The increase of apoptotic activity in wdr5^−/− mutant is largely dependent on the activation of p53.

a Graphs showing H3K4me3 and RNA peaks at p53 locus in WT and wdr5^−/− mutant embryos at 3 dpf. b The confirmation of the expression levels of full-length p53 transcript (Exon 1-4, only in full-length p53) and Δ113p53 transcript (Exon 5–12 in both full-length p53 and Δ113p53) by qRT-PCR. c Western blots detected by anti-p53 (for both p53 50 kD and Δ113p53 35kD), anti-Wdr5, or anti-β-Actin antibody in WT and wdr5^−/− mutant embryos at 3 dpf. d Cryosections of WT, wdr5^−/− and p53^−/−;wdr5^−/− embryos at 3 dpf were analyzed by TUNEL assay (in red). The nuclear was stained with DAPI (in blue). Statistical analysis on the percentages of apoptotic cells in the liver, pancreas or intestine between genotypes was showed in the right panel. L: liver; P: exocrine pancreas; I: intestine. e Cryosections of WT, wdr5^−/− and p53^−/−;wdr5^−/− embryos at 3 dpf were immunostained by anti-Bhmt (in green). The nuclear was stained with DAPI (in blue). Framed area was magnified in bottom panel. Scale bar: 40 μm. Total cell number of liver was counted from the Bhmt-positive cells in continuous cryosections. Statistical analysis on the total cell numbers of liver between genotypes was showed in the right panel. f WISH of WT, wdr5^−/− and p53^−/−;wdr5^−/− embryos at 3 dpf with foxa3. g WISH of WT, wdr5^−/− and p53^−/−;wdr5^−/− embryos at 3 dpf with ebp, mgst3a, tkfc, apom and anxa4 as indicated. Each experiment was repeated for three times with similar results and a representative was showed here. n indicates the number of zebrafish embryos in each group. Data are mean ± S.D. Two-tailed t-test was applied for each individual comparison (**p < 0.01; ***p < 0.001, ****p < 0.0001; n.s no significance).

Wdr5-mediated H3K4me3 promotes differentiated cell survival partially by upregulating the expression of xiap-like gene

a Graphs showing H3K4me3 and RNA peaks at 5 anti-apoptotic gene loci (zgc:171740, chm, ptmab, crx and selenow2a) in WT and wdr5^−/− mutant embryos at 3 dpf. Both H3K4me3 and RNA peaks at these 5 gene loci were decreased in wdr5^−/− mutant embryos. b Amino acid sequence alignment between zebrafish Zgc:171740 (Danio rerio NP_001103196), human XIAP (Homo sapiens NP_001158) and Xiap (Mus musculus NP_001288568). c WISH of zgc:171740 in WT and wdr5^−/− embryos at 3 dpf. d Diagram showing the gRNA targeting site and 10-bp insertion (in red) in the exon 3 of zgc:171740 mutant, which results in a premature stop codon (PTC) at 79 aa.

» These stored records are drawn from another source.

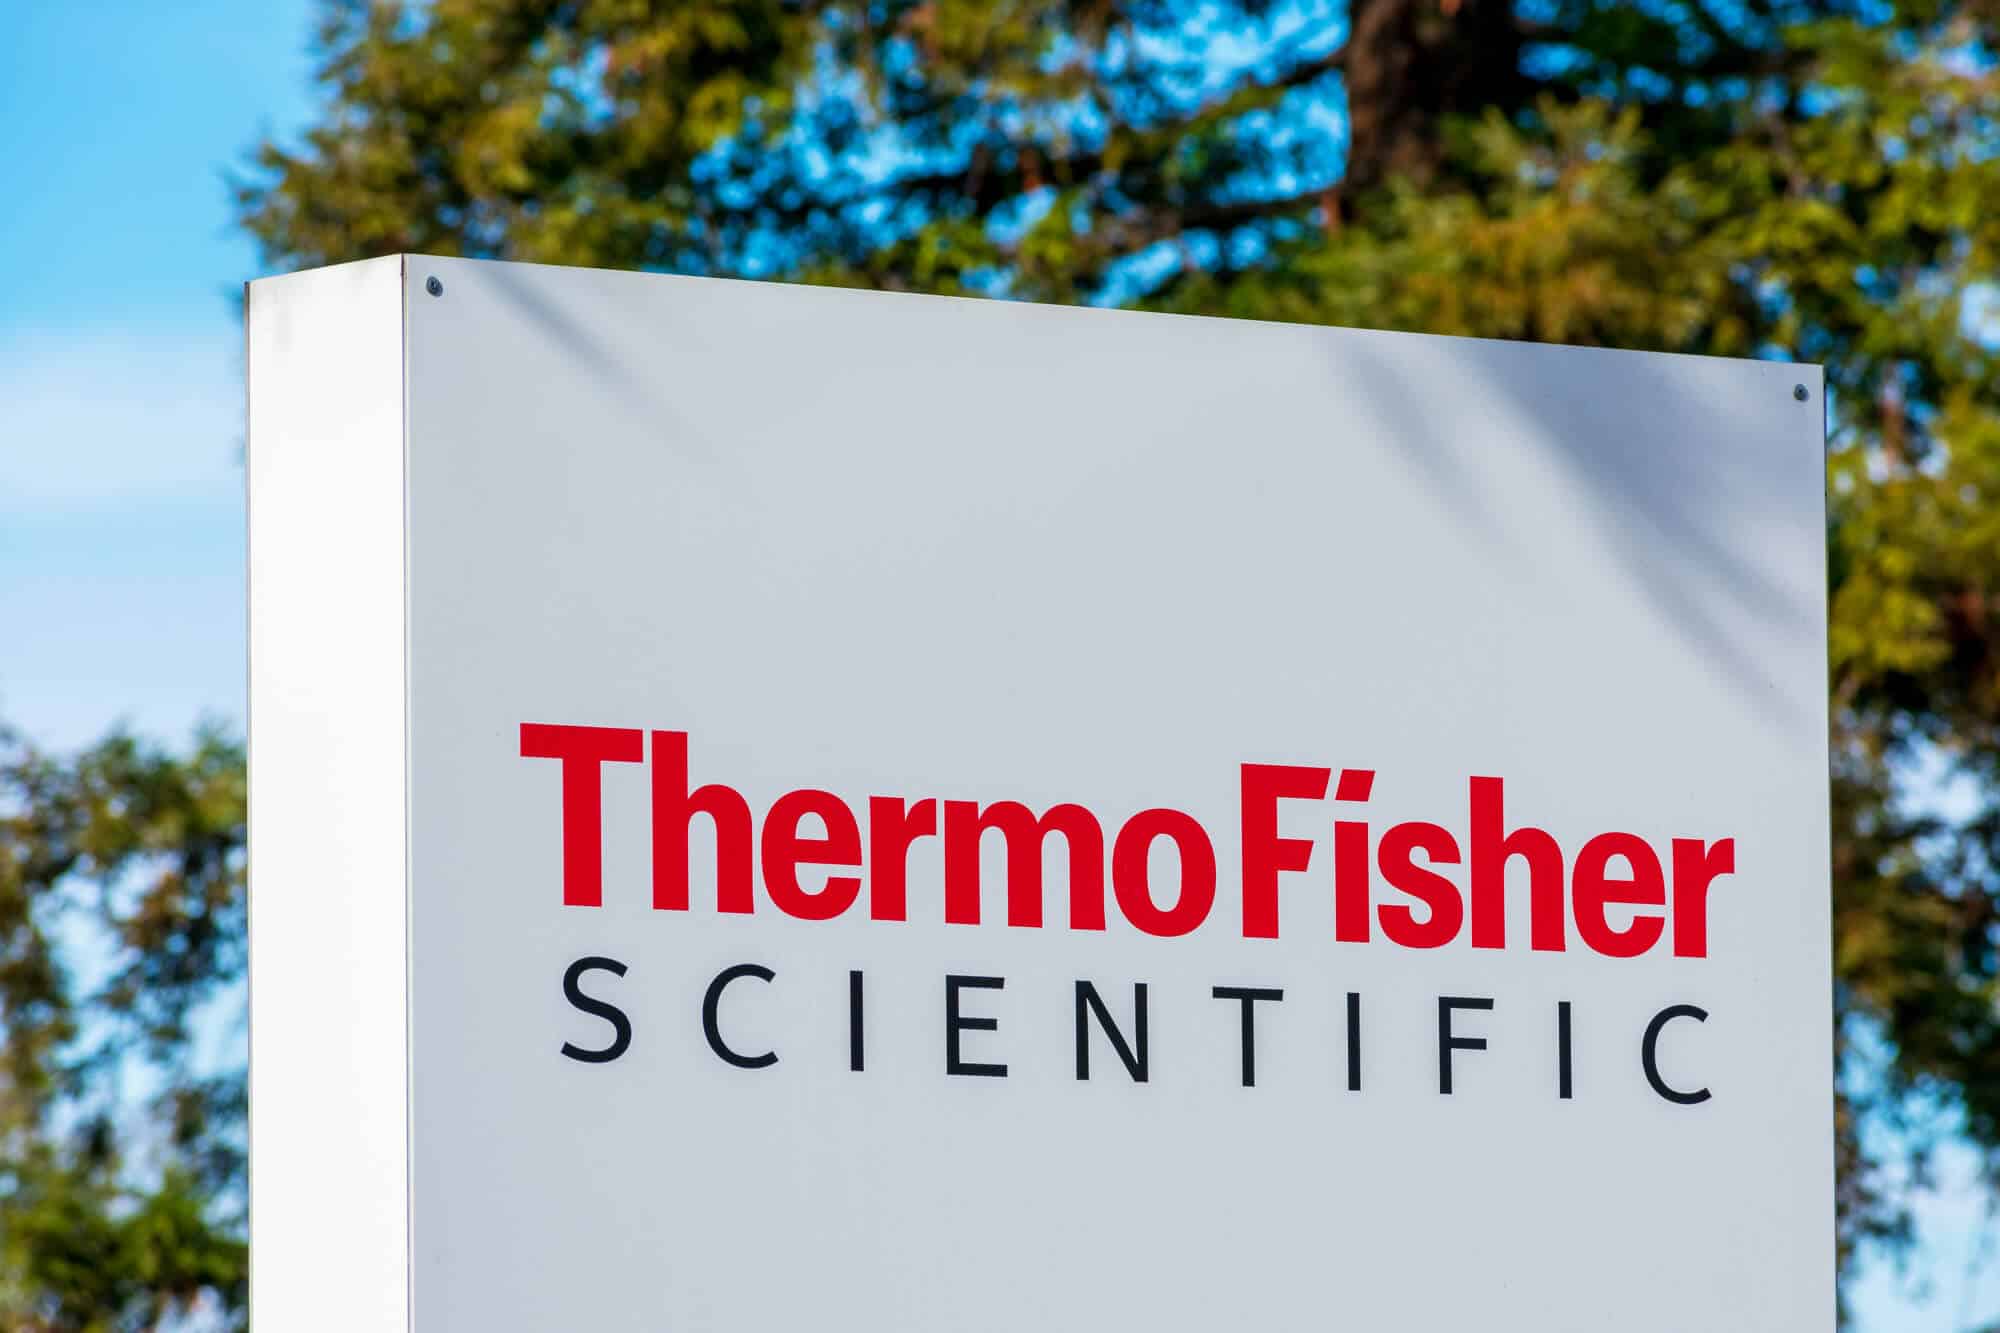 Guide to Working at Thermo Fisher Scientific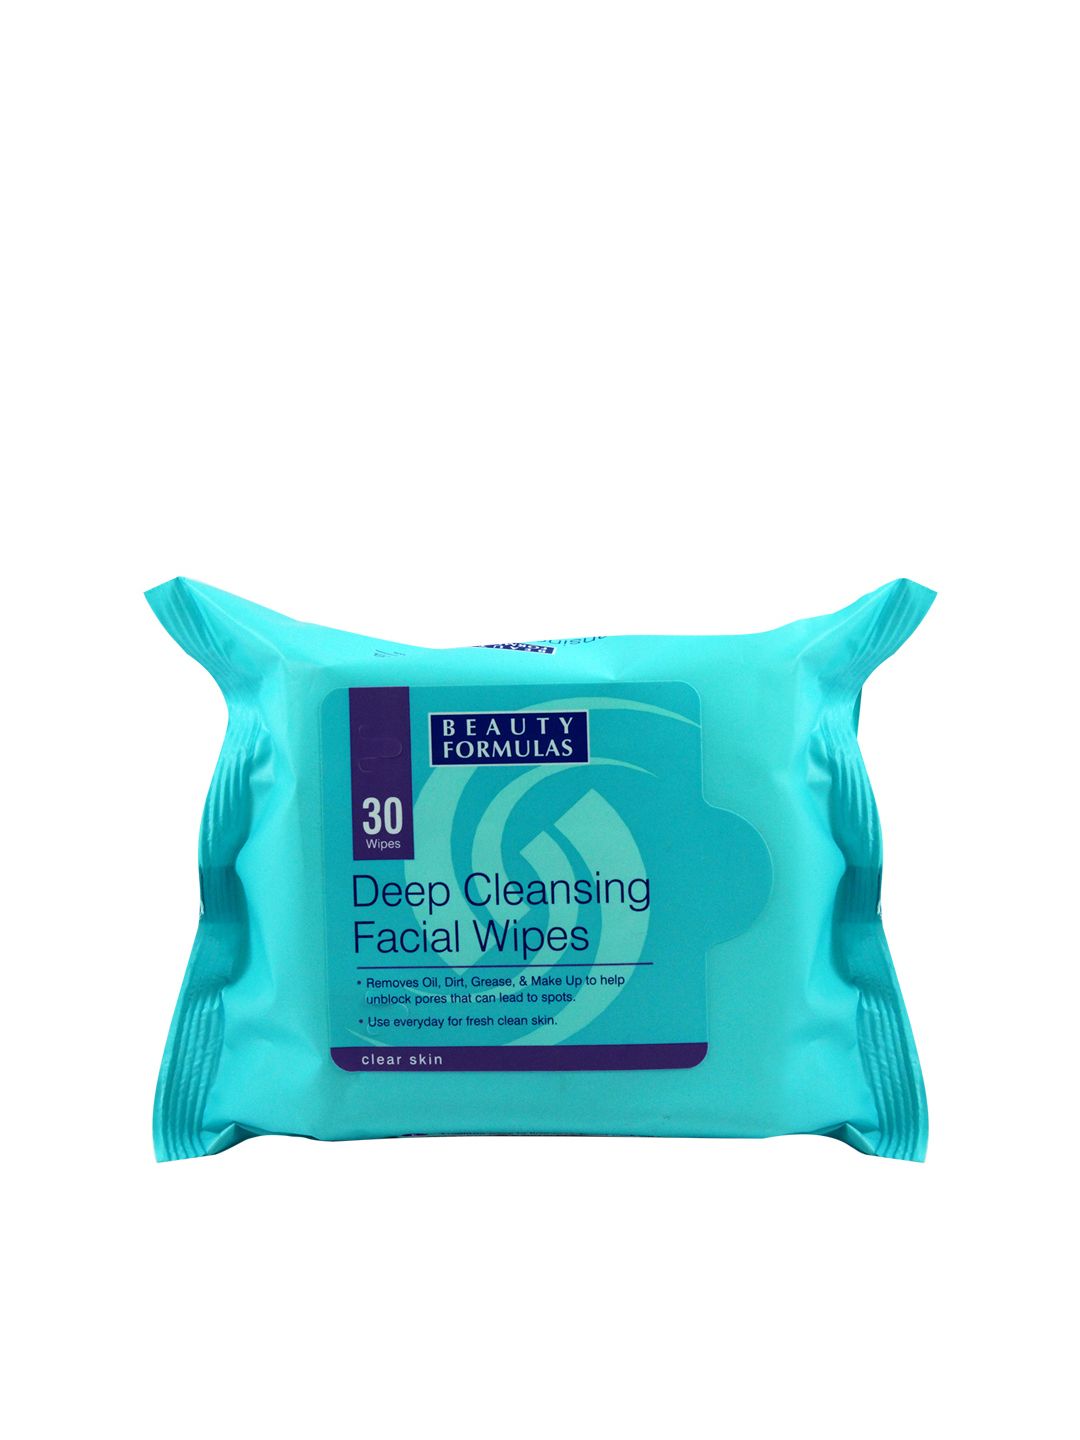 Clean clear deep cleansing facial wipes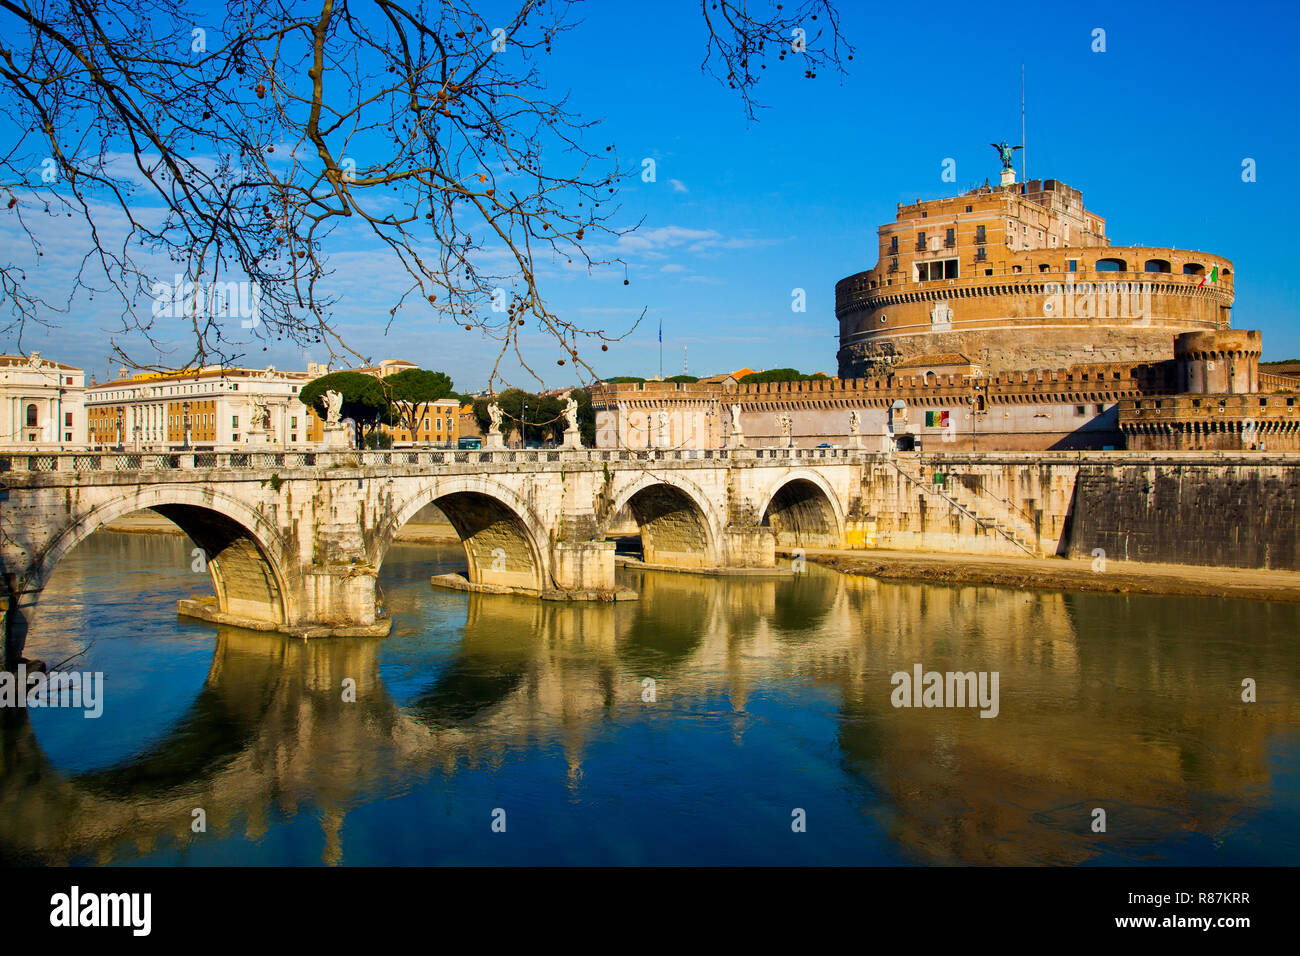 Looking across the Tiber River towards Ponte Sant'Angelo and Castel Sant'Angelo in the Vatican. Stock Photo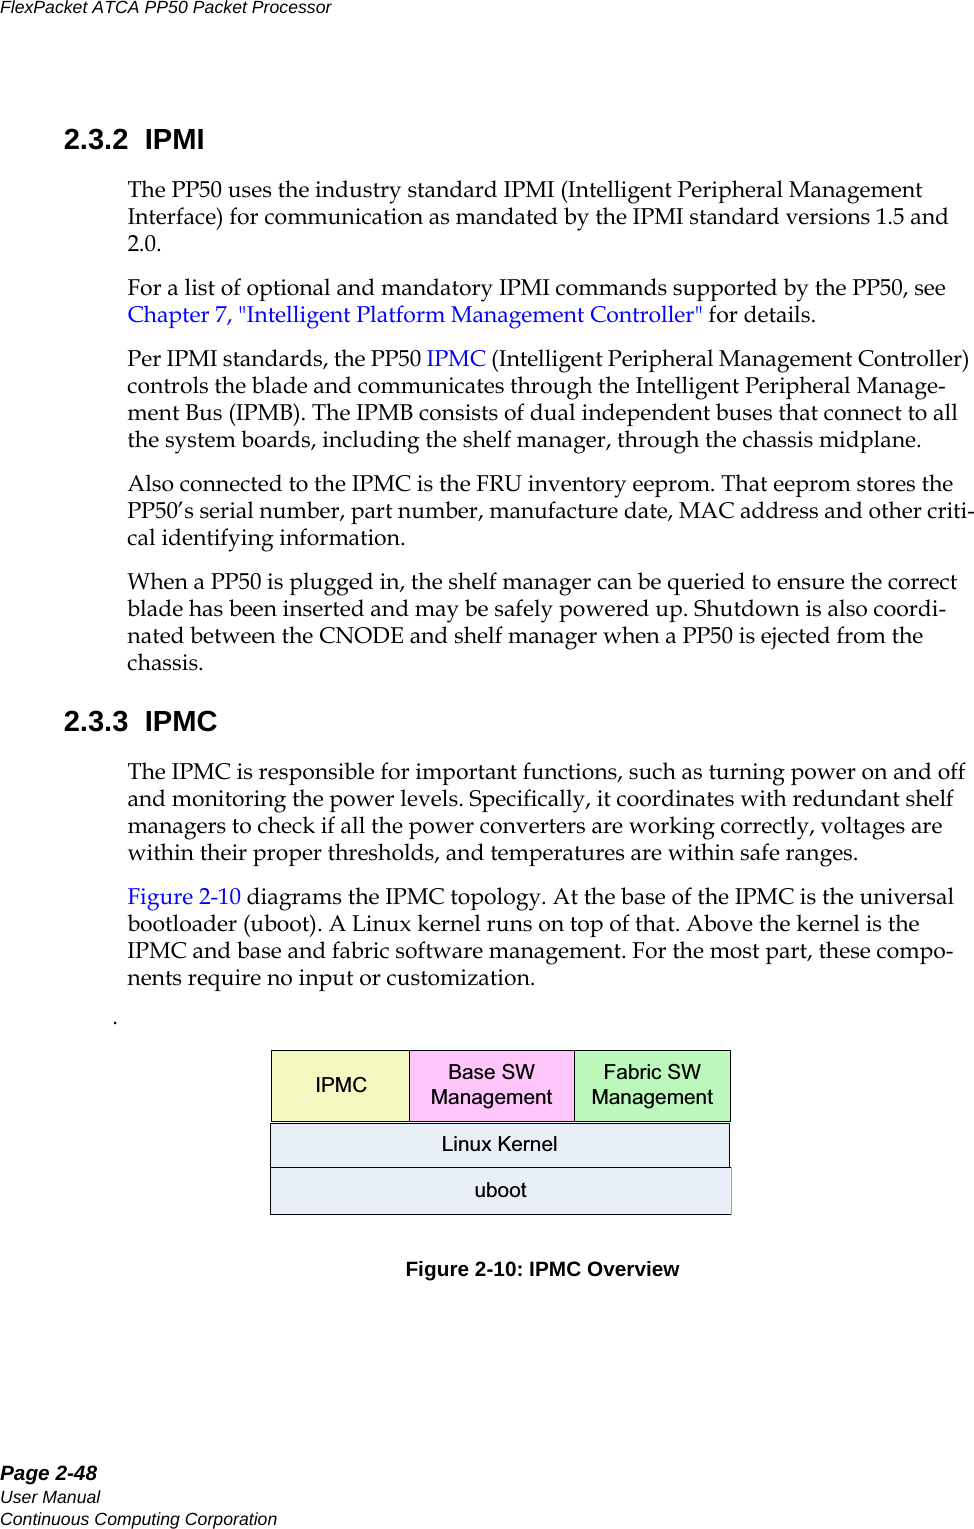 Page 2-48User ManualContinuous Computing CorporationFlexPacket ATCA PP50 Packet Processor     Preliminary2.3.2  IPMIThe PP50 uses the industry standard IPMI (Intelligent Peripheral Management Interface) for communication as mandated by the IPMI standard versions 1.5 and 2.0. For a list of optional and mandatory IPMI commands supported by the PP50, see Chapter7, &quot;Intelligent Platform Management Controller&quot; for details. Per IPMI standards, the PP50 IPMC (Intelligent Peripheral Management Controller) controls the blade and communicates through the Intelligent Peripheral Manage-ment Bus (IPMB). The IPMB consists of dual independent buses that connect to all the system boards, including the shelf manager, through the chassis midplane. Also connected to the IPMC is the FRU inventory eeprom. That eeprom stores the PP50’s serial number, part number, manufacture date, MAC address and other criti-cal identifying information. When a PP50 is plugged in, the shelf manager can be queried to ensure the correct blade has been inserted and may be safely powered up. Shutdown is also coordi-nated between the CNODE and shelf manager when a PP50 is ejected from the chassis.2.3.3  IPMCThe IPMC is responsible for important functions, such as turning power on and off and monitoring the power levels. Specifically, it coordinates with redundant shelf managers to check if all the power converters are working correctly, voltages are within their proper thresholds, and temperatures are within safe ranges. Figure 2-10 diagrams the IPMC topology. At the base of the IPMC is the universal bootloader (uboot). A Linux kernel runs on top of that. Above the kernel is the IPMC and base and fabric software management. For the most part, these compo-nents require no input or customization. .Figure 2-10: IPMC OverviewIPMC Base SWManagementFabric SWManagementLinux Kerneluboot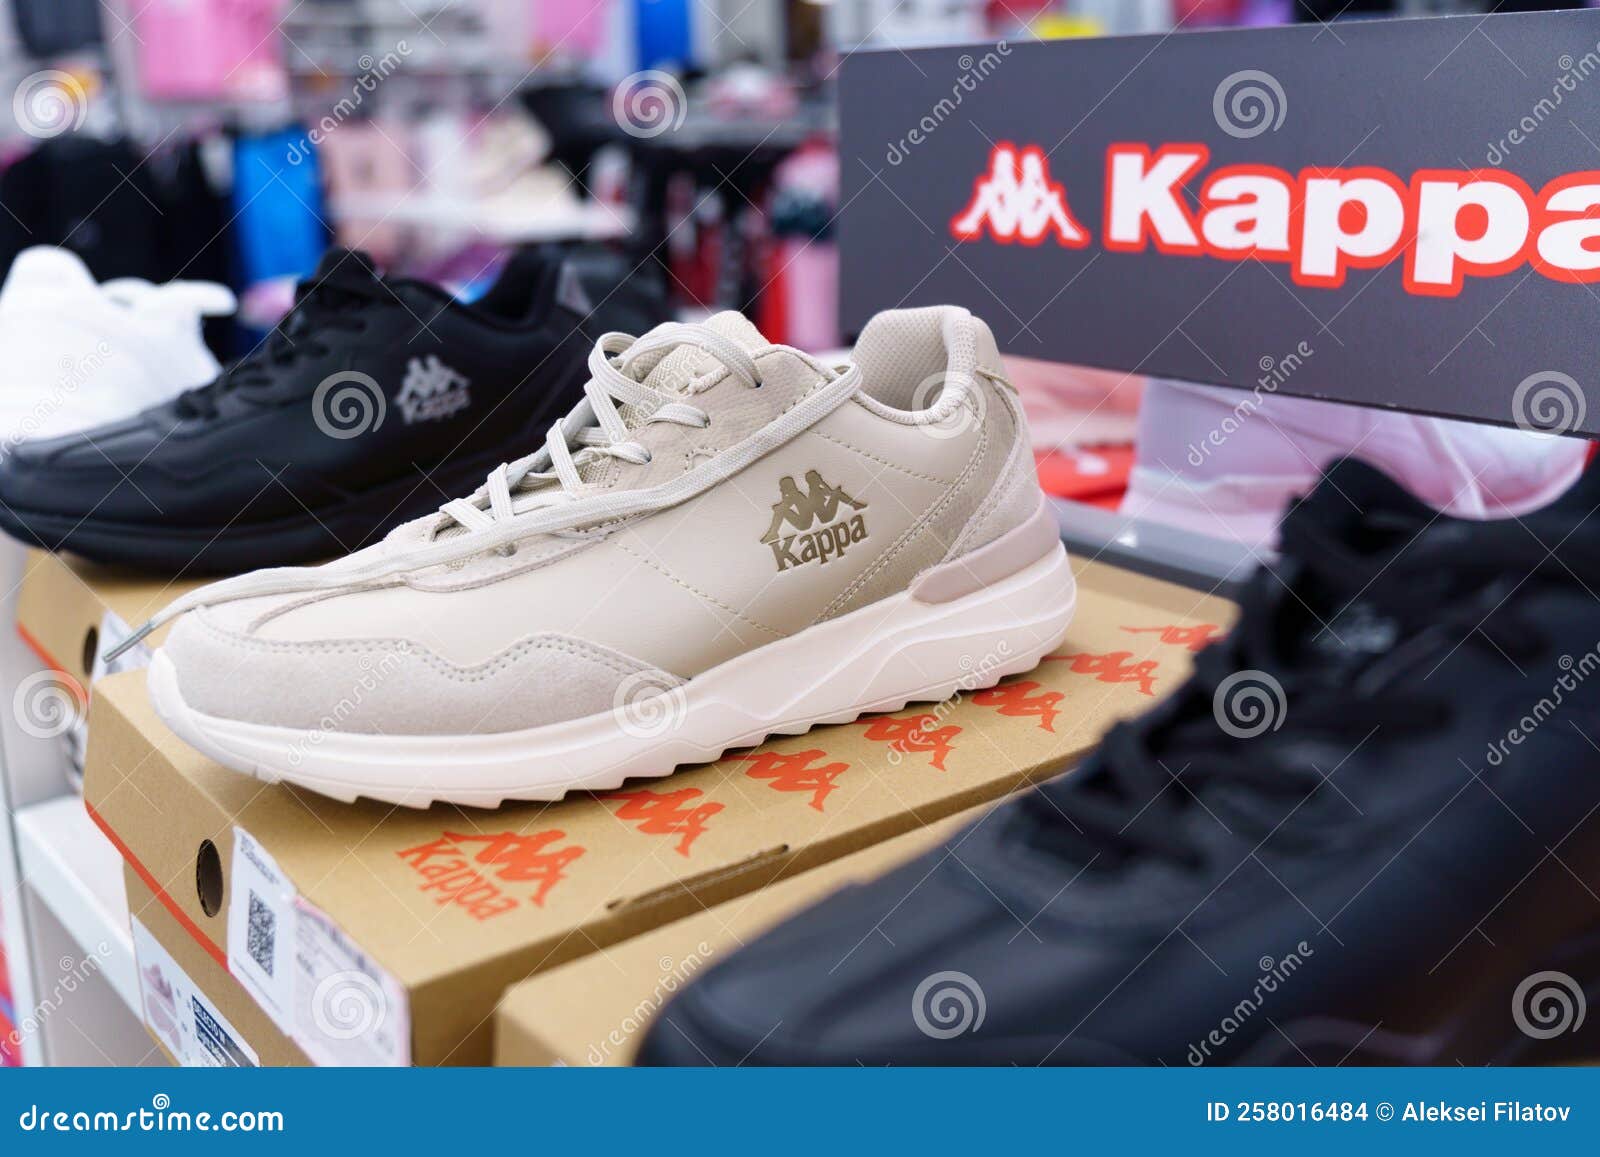 fjerkræ bison Settle Kappa Store Stock Photos - Free & Royalty-Free Stock Photos from Dreamstime

ATG: translation start codon. e Western blots of p53, Wdr5 and β-Actin in WT and zgc:171740^−/− mutant embryos at 3 dpf. f, g Cryosections of WT and zgc:171740^−/− mutant embryos at 7 dpf were analyzed by TUNEL assay (in red) and the nuclear was stained with DAPI (in blue) (f). Framed area was magnified in bottom panel. I: intestine. Scale bar: 40 μm. Statistical analysis on the percentages of apoptotic cells in the intestine between WT and zgc:171740^−/− mutant was in (g). h Model of the functions of Wdr5 in digestive organogenesis. Each experiment was repeated for three times with similar results and a representative was showed here. n indicates the number of zebrafish embryos in each group. Data are mean±S.D. Two-tailed t-test was applied for each individual comparison (***p < 0.001; n.s no significance).